Clinical trials went through this problem a while ago, and while they often have lower power than one would ideally like, there’s at least no way you’re going to run a clinical trial in the modern world without explicitly working out the power.

Other people’s reactions

March 29, 2013

Unclear on the concept: average time to event

One of our current Stat of the Week nominations is a story on Stuff claiming that criminals sentenced to preventive detention are being freed after an average of ‘only’ 11 years.

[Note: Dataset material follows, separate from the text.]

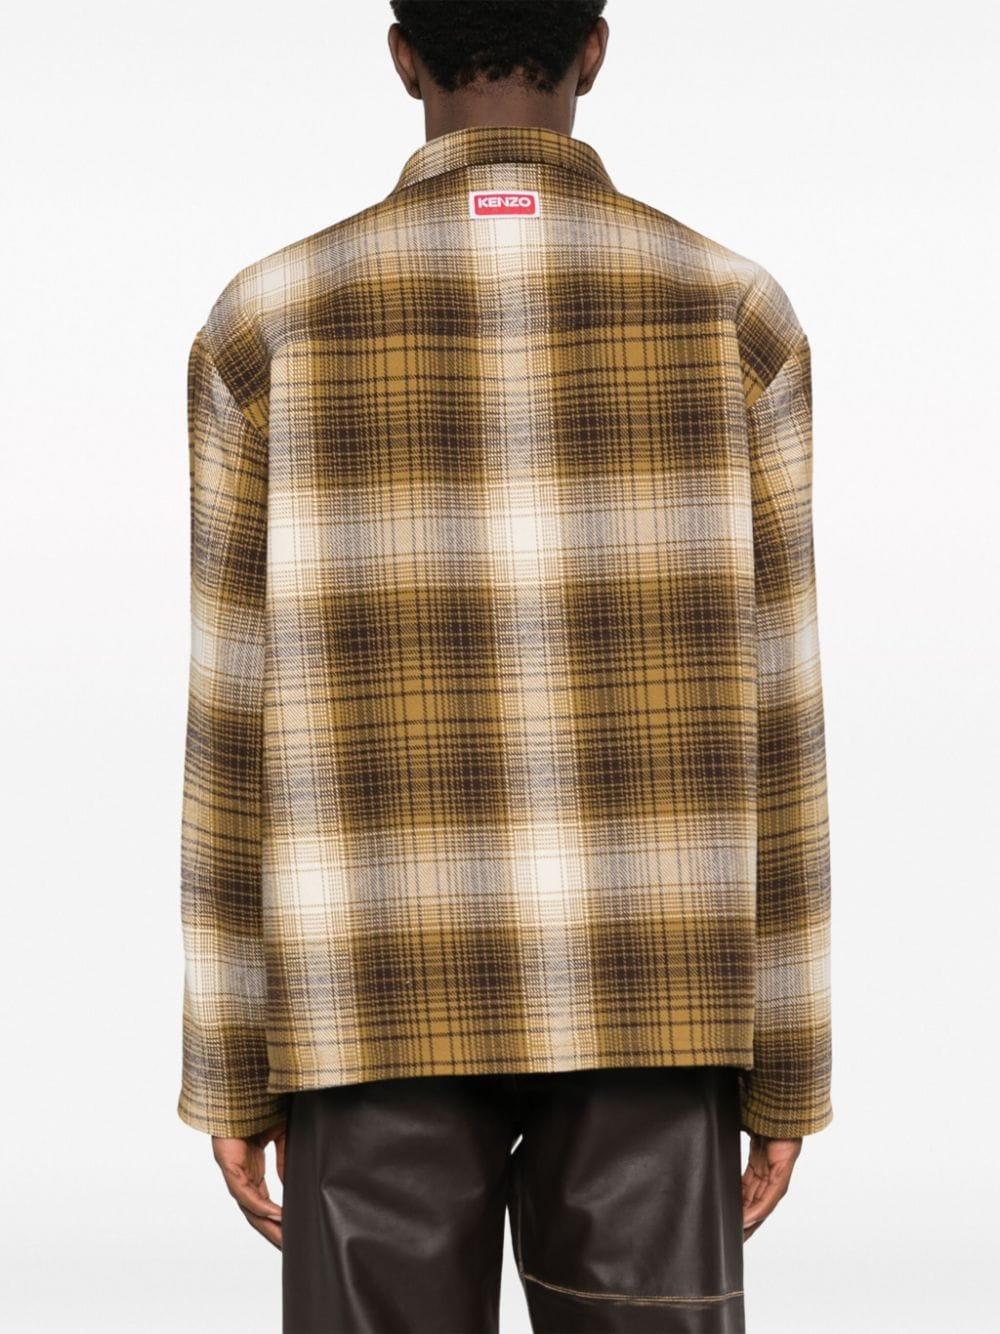 KENZO Plaid-check Cotton Shirt Jacket in Brown for Men | Lyst UK

There’s a widely-linked story in the Guardian claiming that the average time until Google kills new services is 1459 days, based on services that have been cancelled in the past.  The story even goes on to say that more recent services have been cancelled more quickly.

As far as I know, no-one has yet produced a headline saying that the average life expectancy  for people born in the 21st century is only about 5 years, but the error in reasoning would be the same.

In all three cases, we’re interested in the average time until some event happens, but our data are incomplete, because the event hasn’t happened for everyone.  Some Google services are still running; some preventive-detention cases are still in prison; some people born this century are still alive.  A little thought reveals that the events which have occurred are a biased sample: they are likely to be the earliest events.   The 21st century kids who will live to 90 are still alive; those who have already died are not representative.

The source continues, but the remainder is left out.